■ **EXERCISE REQUIREMENTS**
Your reply must contain the full listing below, reproduced exactly, but no pictures.

■ **DATA BLOCK**
▬▬▬▬▬▬▬▬▬▬

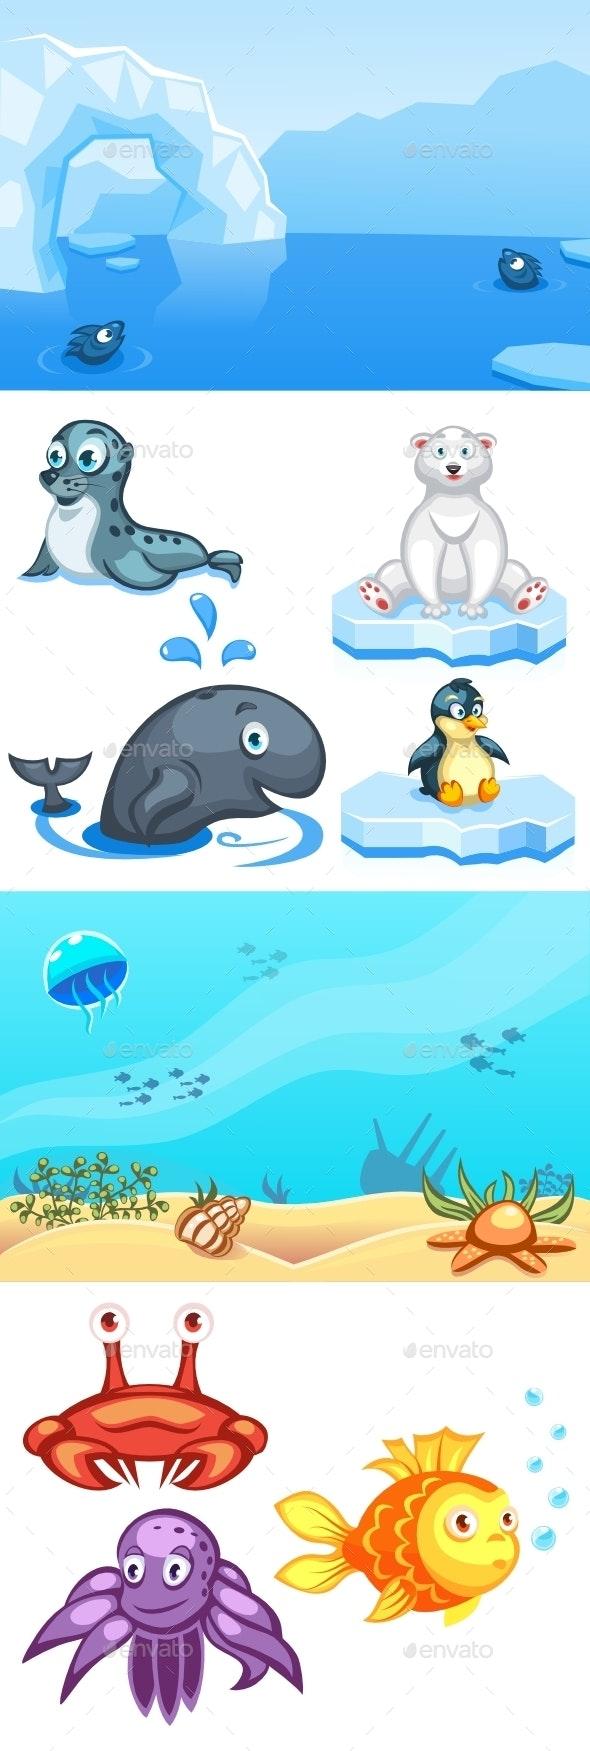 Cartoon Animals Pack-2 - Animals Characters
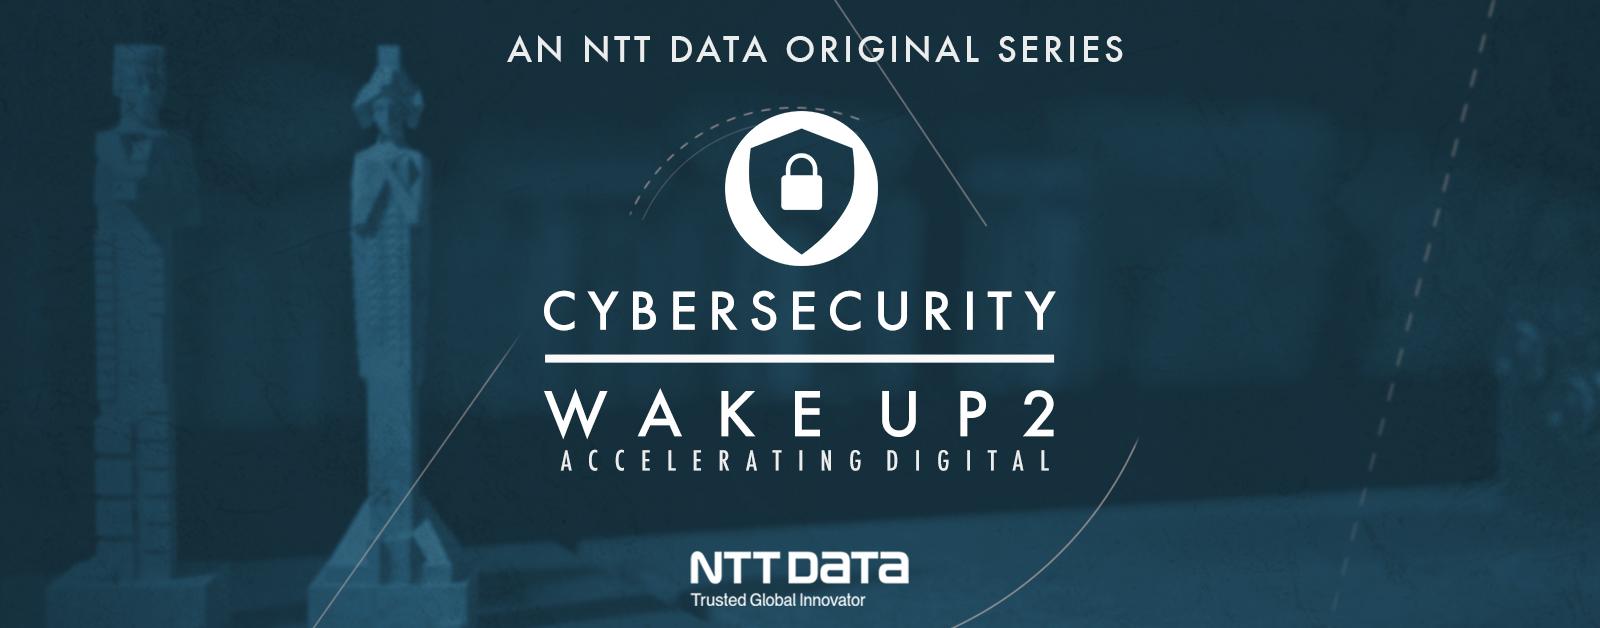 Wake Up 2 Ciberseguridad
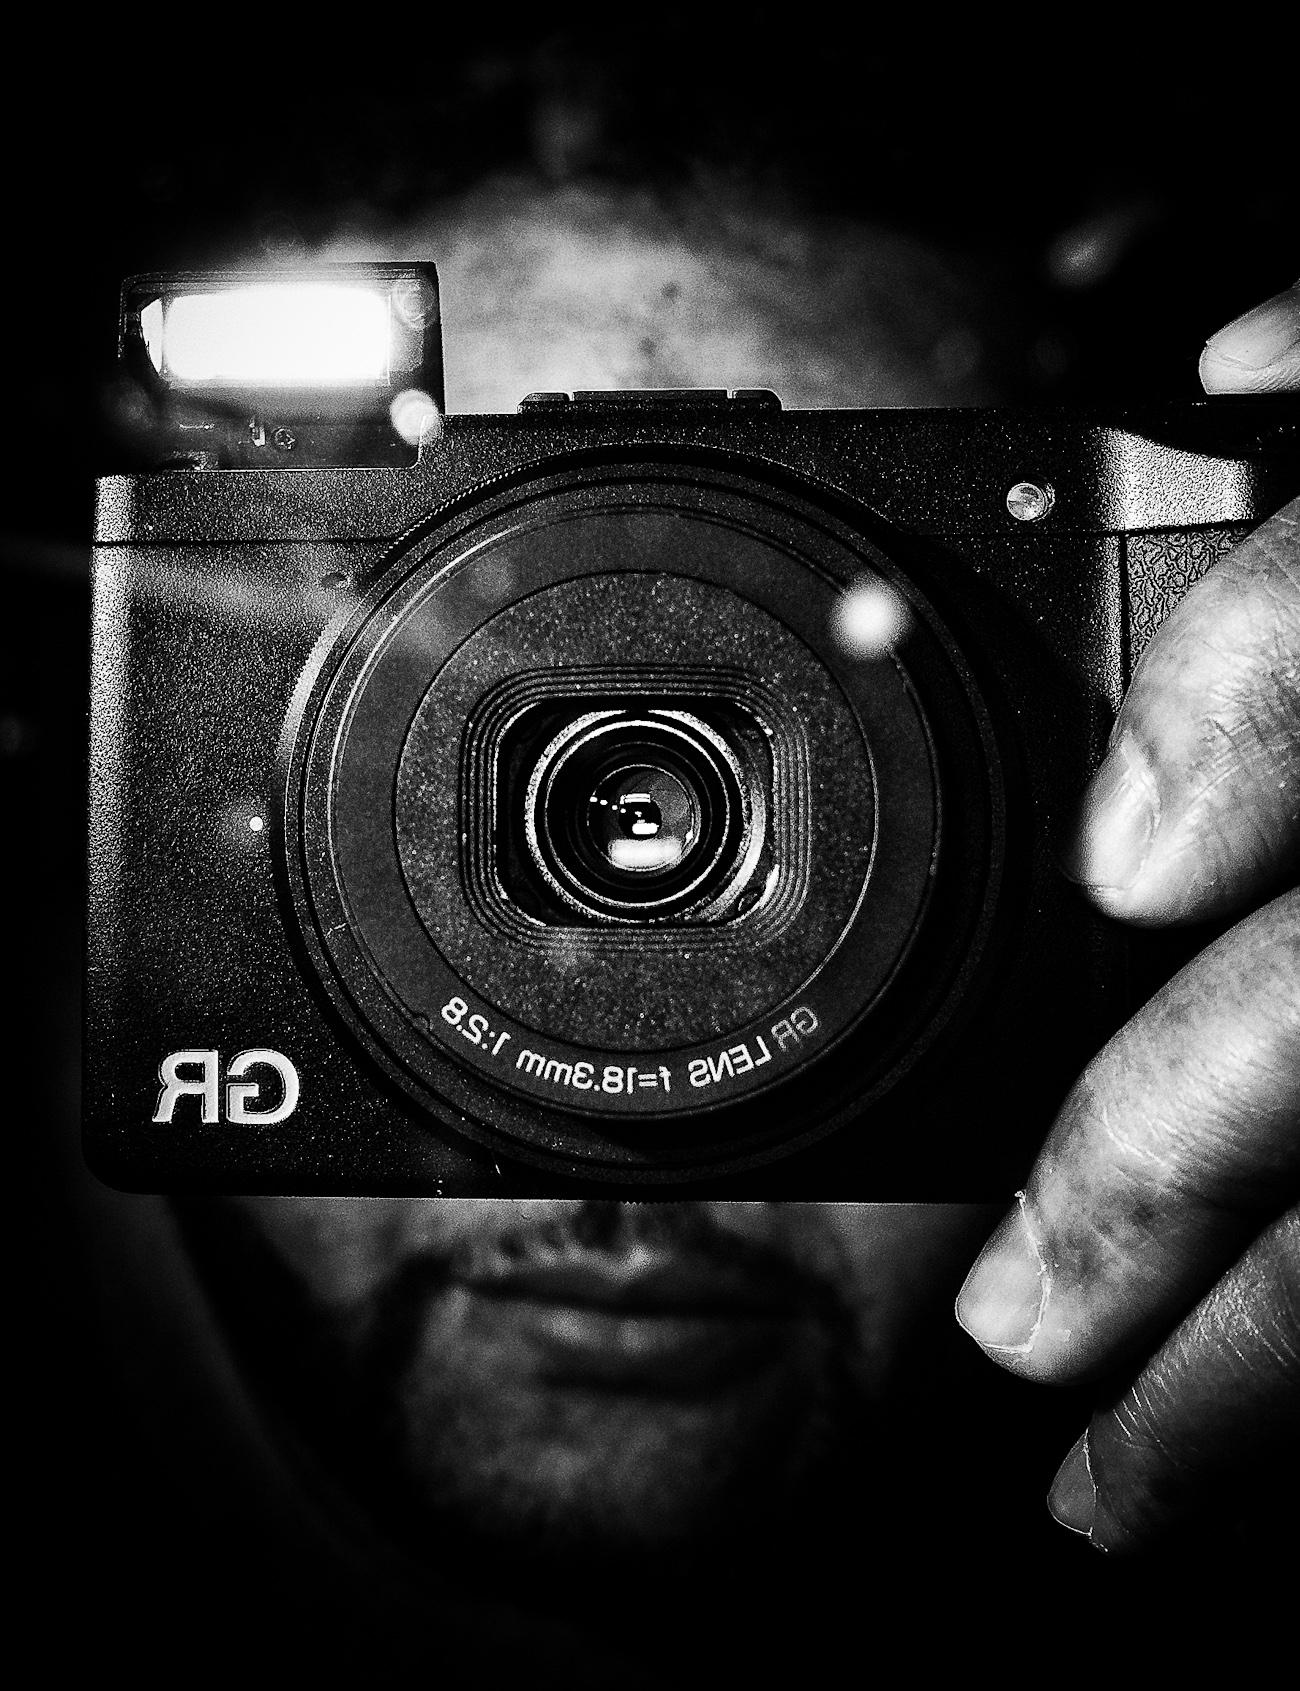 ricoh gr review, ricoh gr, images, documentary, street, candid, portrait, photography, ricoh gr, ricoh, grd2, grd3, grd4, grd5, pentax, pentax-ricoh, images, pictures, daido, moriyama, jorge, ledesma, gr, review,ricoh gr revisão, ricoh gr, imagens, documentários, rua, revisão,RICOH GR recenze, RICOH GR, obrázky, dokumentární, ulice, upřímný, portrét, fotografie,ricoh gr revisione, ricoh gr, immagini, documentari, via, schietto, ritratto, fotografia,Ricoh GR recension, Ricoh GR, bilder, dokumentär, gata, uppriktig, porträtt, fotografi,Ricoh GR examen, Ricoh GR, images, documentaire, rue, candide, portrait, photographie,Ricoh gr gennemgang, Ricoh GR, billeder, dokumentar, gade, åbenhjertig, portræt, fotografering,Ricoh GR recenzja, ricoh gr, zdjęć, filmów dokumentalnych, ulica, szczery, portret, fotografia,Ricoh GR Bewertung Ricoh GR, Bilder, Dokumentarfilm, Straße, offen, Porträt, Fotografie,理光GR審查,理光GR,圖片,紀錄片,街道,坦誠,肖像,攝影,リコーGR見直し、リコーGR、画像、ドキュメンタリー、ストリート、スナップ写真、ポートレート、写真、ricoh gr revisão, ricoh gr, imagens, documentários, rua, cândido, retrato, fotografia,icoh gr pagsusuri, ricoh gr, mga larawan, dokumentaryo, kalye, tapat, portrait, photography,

▬▬▬▬▬▬▬▬▬▬

■ **COMPLETED EXERCISE**
 Cartoon Animals Pack-2 - Animals Characters
 Wake Up 2 Ciberseguridad
 ricoh gr review, ricoh gr, images, documentary, street, candid, portrait, photography, ricoh gr, ricoh, grd2, grd3, grd4, grd5, pentax, pentax-ricoh, images, pictures, daido, moriyama, jorge, ledesma, gr, review,ricoh gr revisão, ricoh gr, imagens, documentários, rua, revisão,RICOH GR recenze, RICOH GR, obrázky, dokumentární, ulice, upřímný, portrét, fotografie,ricoh gr revisione, ricoh gr, immagini, documentari, via, schietto, ritratto, fotografia,Ricoh GR recension, Ricoh GR, bilder, dokumentär, gata, uppriktig, porträtt, fotografi,Ricoh GR examen, Ricoh GR, images, documentaire, rue, candide, portrait, photographie,Ricoh gr gennemgang, Ricoh GR, billeder, dokumentar, gade, åbenhjertig, portræt, fotografering,Ricoh GR recenzja, ricoh gr, zdjęć, filmów dokumentalnych, ulica, szczery, portret, fotografia,Ricoh GR Bewertung Ricoh GR, Bilder, Dokumentarfilm, Straße, offen, Porträt, Fotografie,理光GR審查,理光GR,圖片,紀錄片,街道,坦誠,肖像,攝影,リコーGR見直し、リコーGR、画像、ドキュメンタリー、ストリート、スナップ写真、ポートレート、写真、ricoh gr revisão, ricoh gr, imagens, documentários, rua, cândido, retrato, fotografia,icoh gr pagsusuri, ricoh gr, mga larawan, dokumentaryo, kalye, tapat, portrait, photography,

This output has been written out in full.